Summary of the model architecture created for surgery tool detection. If RNNs were not used, the model made predictions after the CNNs were combined using Softmax or Linear Regression. If only a single CNN was used (DenseNet or ResNet), we returned the CNN predictions unchanged.
The first algorithm considered consisted of a CNN, a dense neural network (NN), and a sigmoid function. The CNN was used to draw spatial patterns from the input images, whereas the dense NNs were meant to make predictions on the input images. The sigmoid mapped these predictions into a probability between 0 and 1. The output was a set of probabilities that represent the confidence that each surgery tool was present within a given input frame. Our final predictions were gathered by thresholding the output probabilities such that any output probability over a certain value for a surgery tool will result in the model predicting that tool is in frame. The specific value is a hyperparameter that we tune to optimize performance. The CNNs used were Densenet169 and Inception-ResNet-V2.7,8 Densenet169 was used because of its densely connected network used to mitigate the vanishing gradient problem and promote feature reuse. Inception-ResNet-V2 was used because of its state-of-the-art performance on the ImageNet dataset. 
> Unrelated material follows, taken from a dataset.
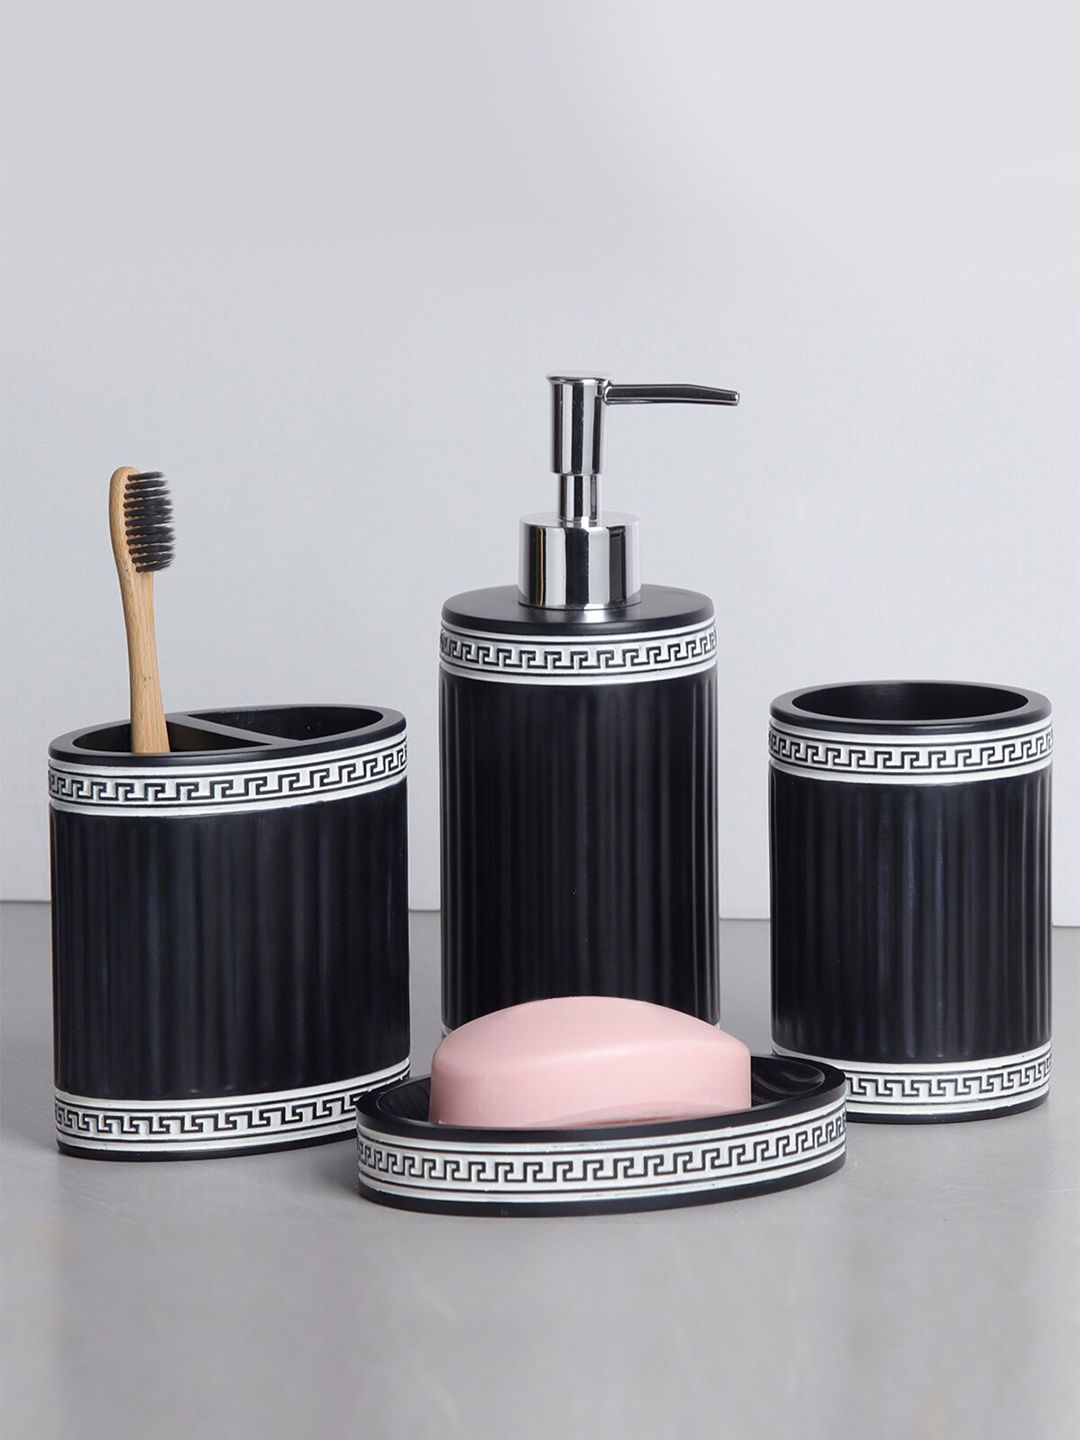 OBSESSIONS Black & White Polyresin Bathroom Set- 4 Pieces Price in India

To attempt to improve on the results from using each CNN individually, the second approach used was a strategy called ensemble classification. The ensemble classifier took in the input video frames and passed them to the two CNN models, which each made their own predictions for the likelihood that a tool was in frame. This strategy is meant to draw on the strengths of both networks when making predictions. We combined the probabilities of the two CNNs in two different ways. Our first approach was a simple arithmetic mean of the probabilities. Our second approach was to use a linear regression model to combine the probabilities. 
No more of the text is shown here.